Question

By investing ₹4650 in a \(7 \frac{1}{2} \%\)% stock, a person obtains an income of ₹300. The market price of the stock is:

• A. ₹116.25
• B. ₹114.50
• C. ₹120.75
• D. ₹118.35

Answer 1

The Correct Option is A

To determine the market price of the stock, we start by understanding the relation between the investment, the income obtained, and the stock's rate of interest.

Given:

• Investment: ₹4650
• Income: ₹300
• Rate of Stock: \(7 \frac{1}{2} \% = \frac{15}{2} \%\)

To find the market price, use the formula for the market value of the stock based on the yield:

\[ \text{Income} = \left(\frac{\text{Investment} \times \text{Rate of Stock}}{\text{Market Price per Unit}}\right) \]

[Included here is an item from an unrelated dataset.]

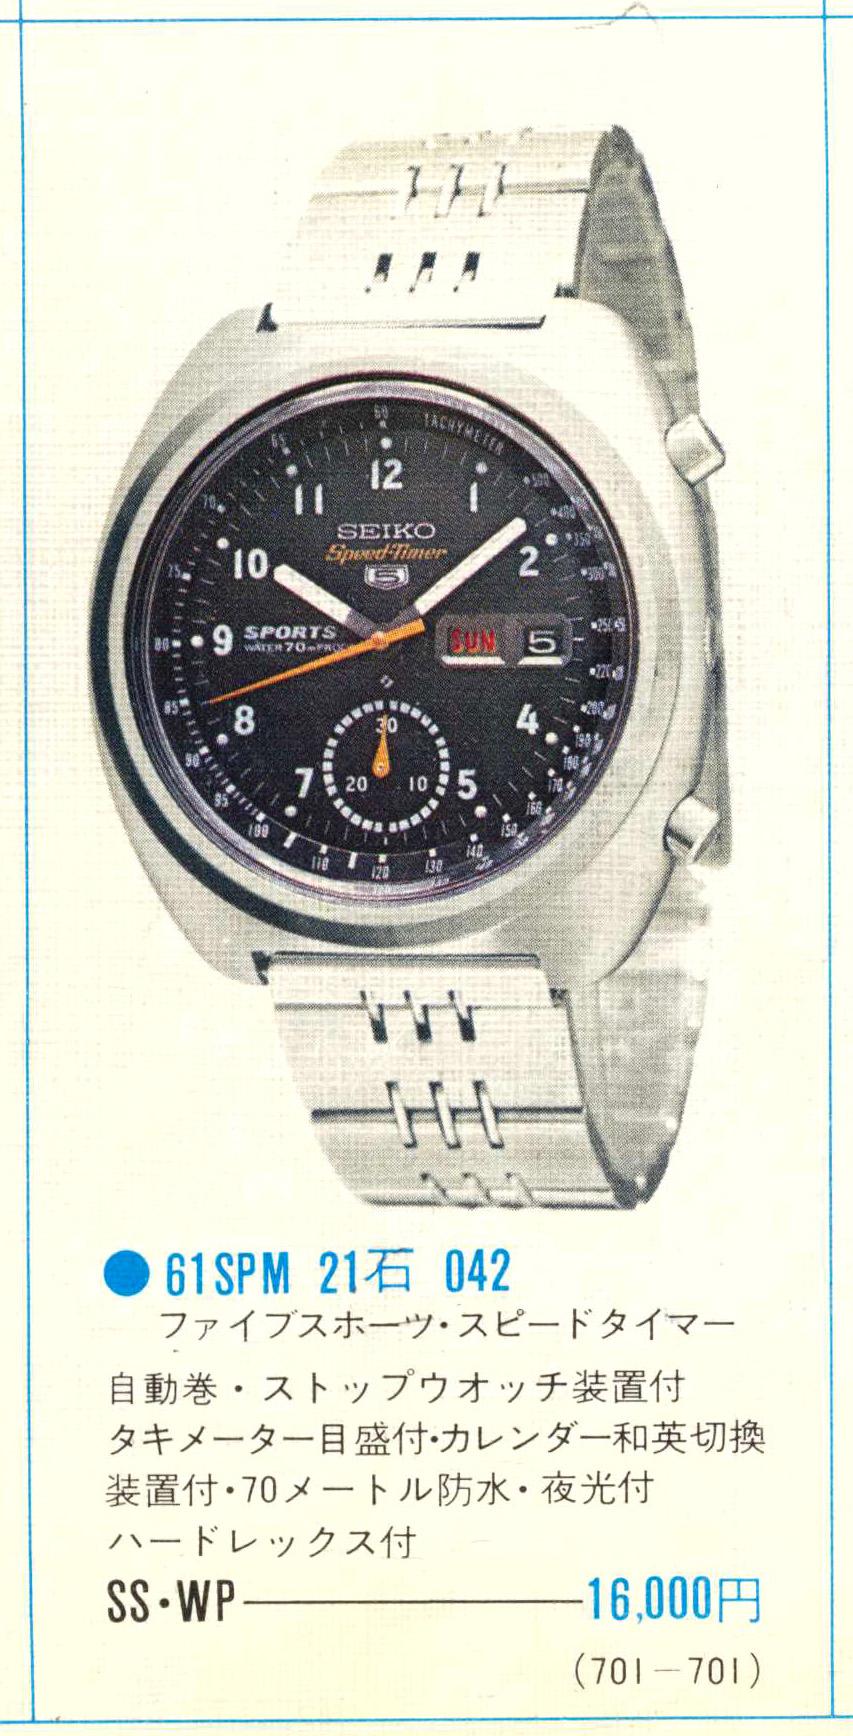 61SPM 042

Rearrange this to find the market price:

\[ \text{Market Price per Unit} = \left(\frac{\text{Investment} \times \text{Rate of Stock}}{\text{Income}}\right) \]

Substitute the given values:

\[ \text{Market Price per Unit} = \left(\frac{4650 \times \frac{15}{2}}{300}\right) \]

Calculate the above expression:

\[ = \left(\frac{4650 \times 7.5}{300}\right) \]

\[ = \left(\frac{34875}{300}\right) \]

Upon calculating,

\[ = 116.25 \]

Therefore, the market price of the stock is ₹116.25.